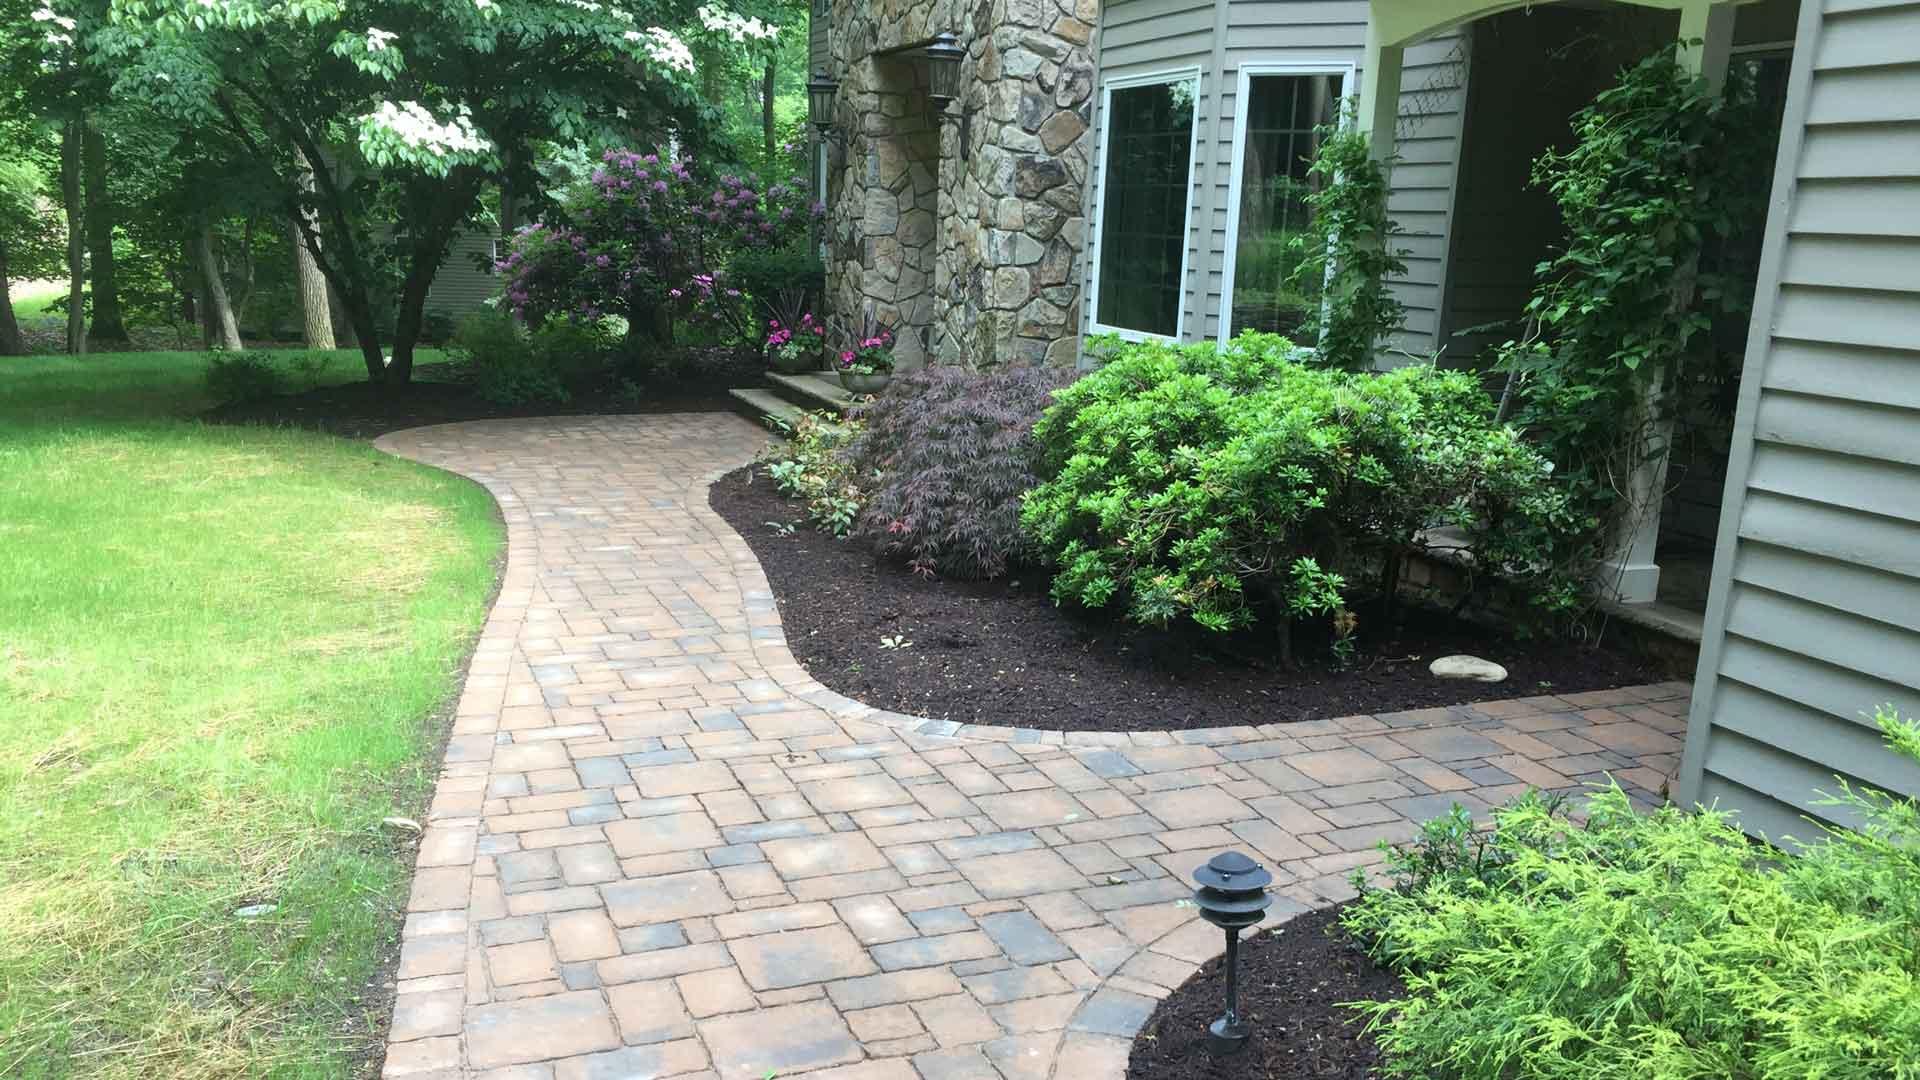 Auburn-Sky-Landscaping-Hardscape-Construction-Front-Walkway-Paver.jpg
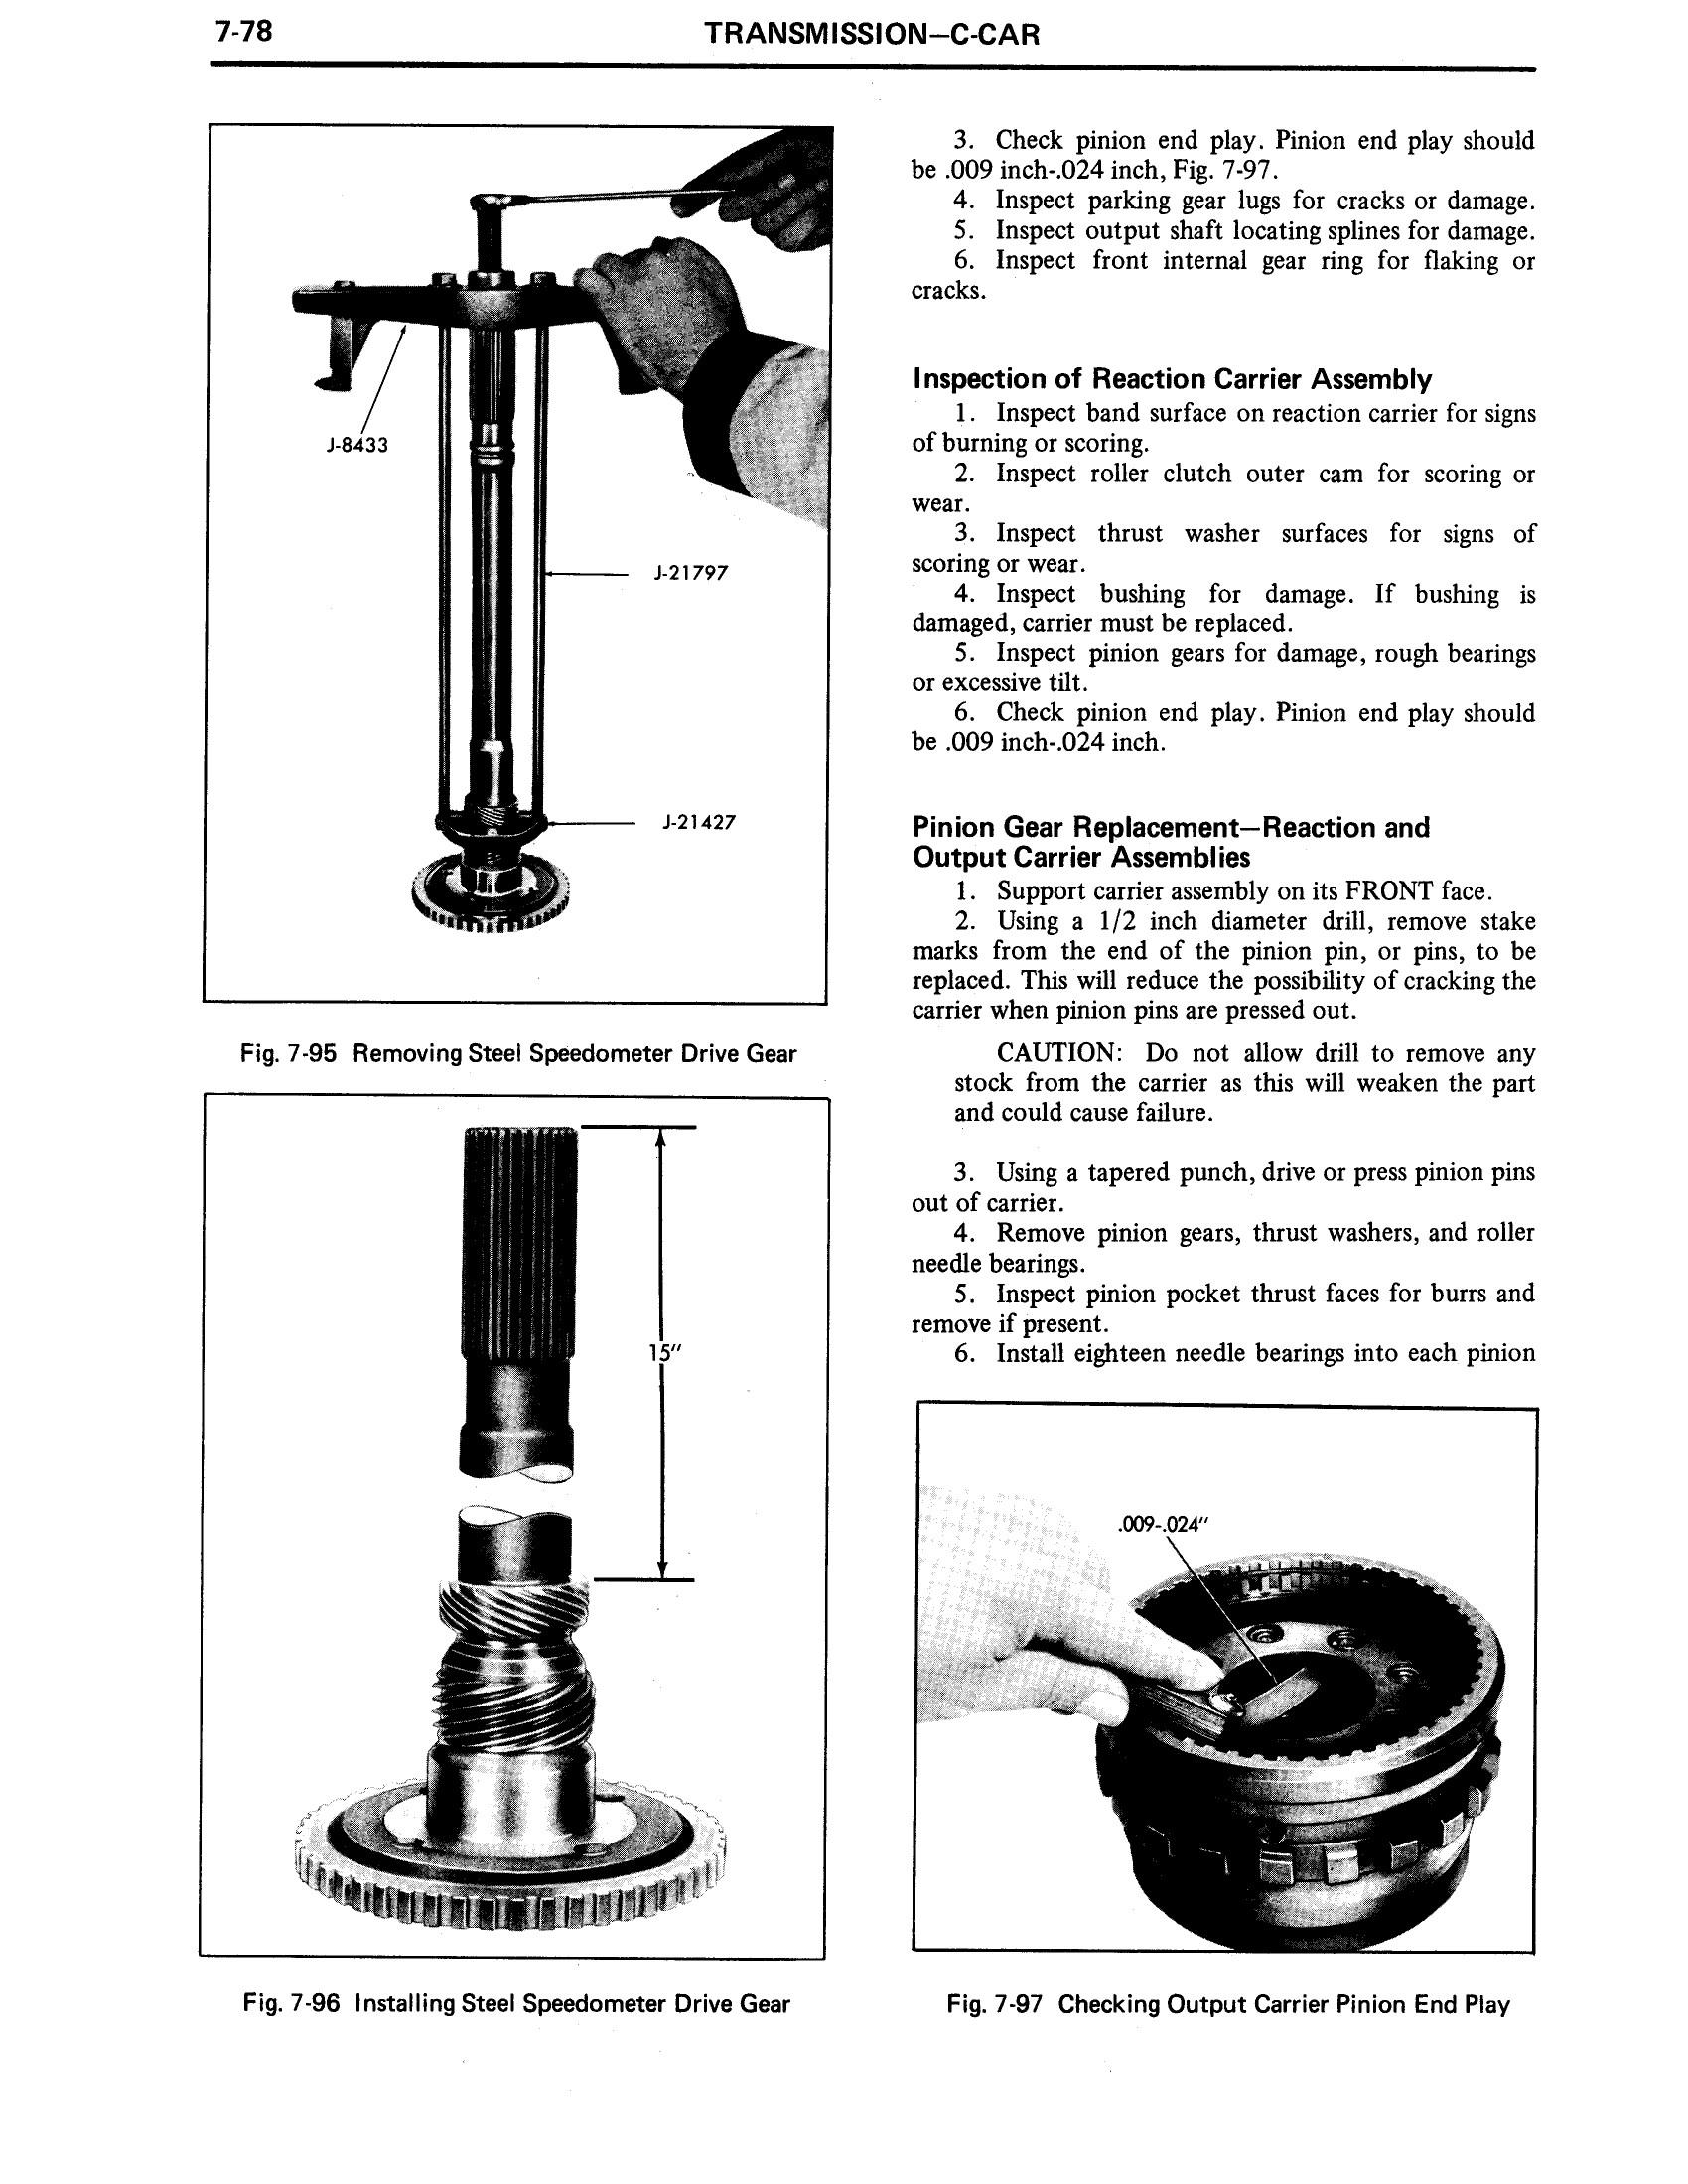 1971 Cadillac Shop Manual- Transmission Page 78 of 156
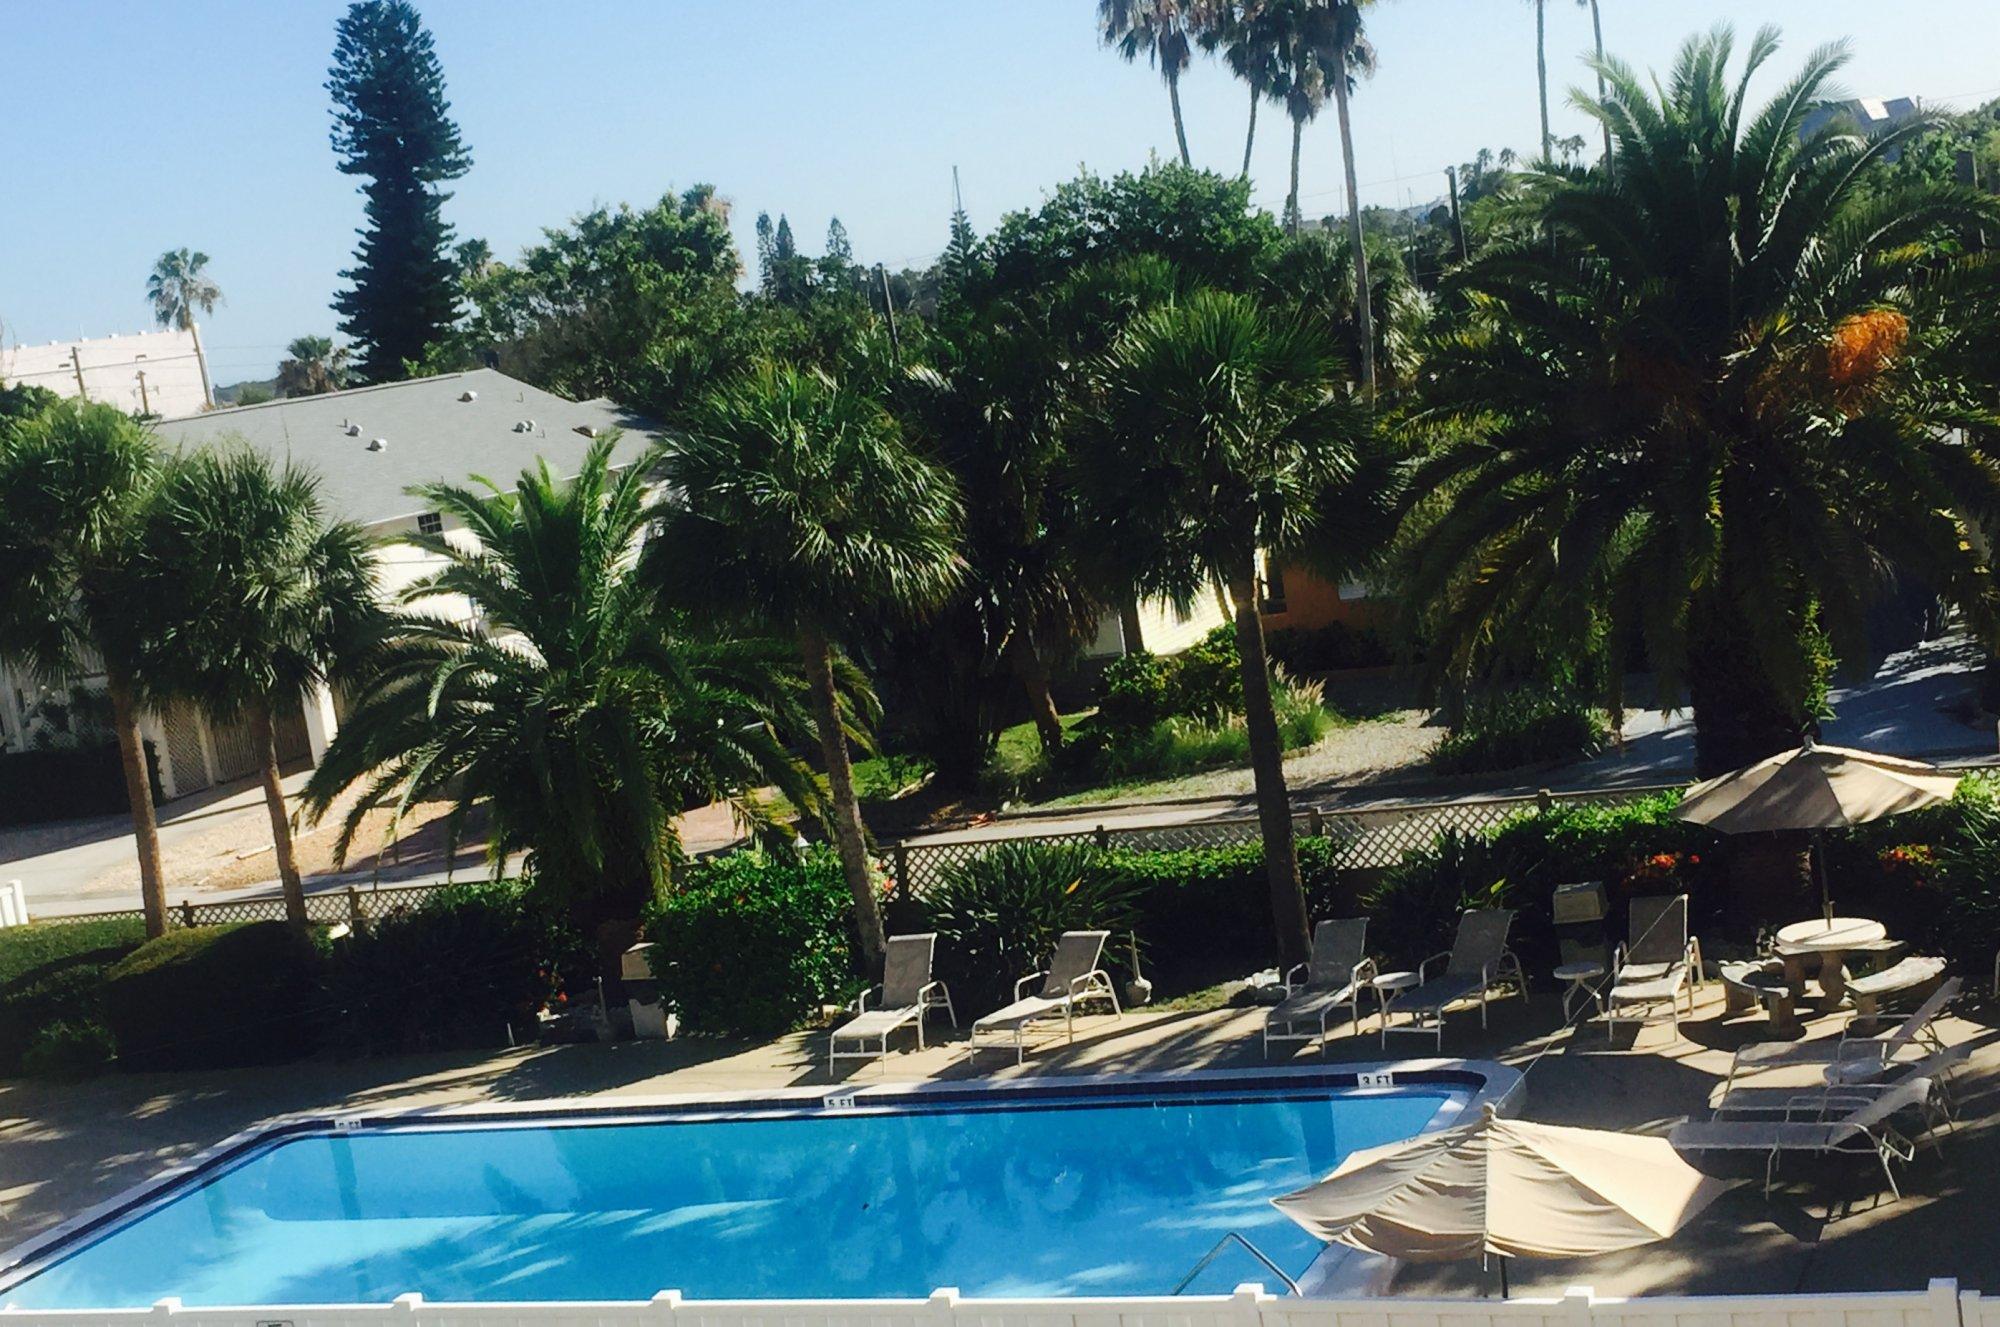 Gulf View Condo Vacation Rentals In Florida Carter

### WORK TO COMPLETE
Leave every picture out, and transcribe the data above exactly as it reads.

### TASK OUTPUT
 Auburn-Sky-Landscaping-Hardscape-Construction-Front-Walkway-Paver.jpg
 1971 Cadillac Shop Manual- Transmission Page 78 of 156
 Gulf View Condo Vacation Rentals In Florida Carter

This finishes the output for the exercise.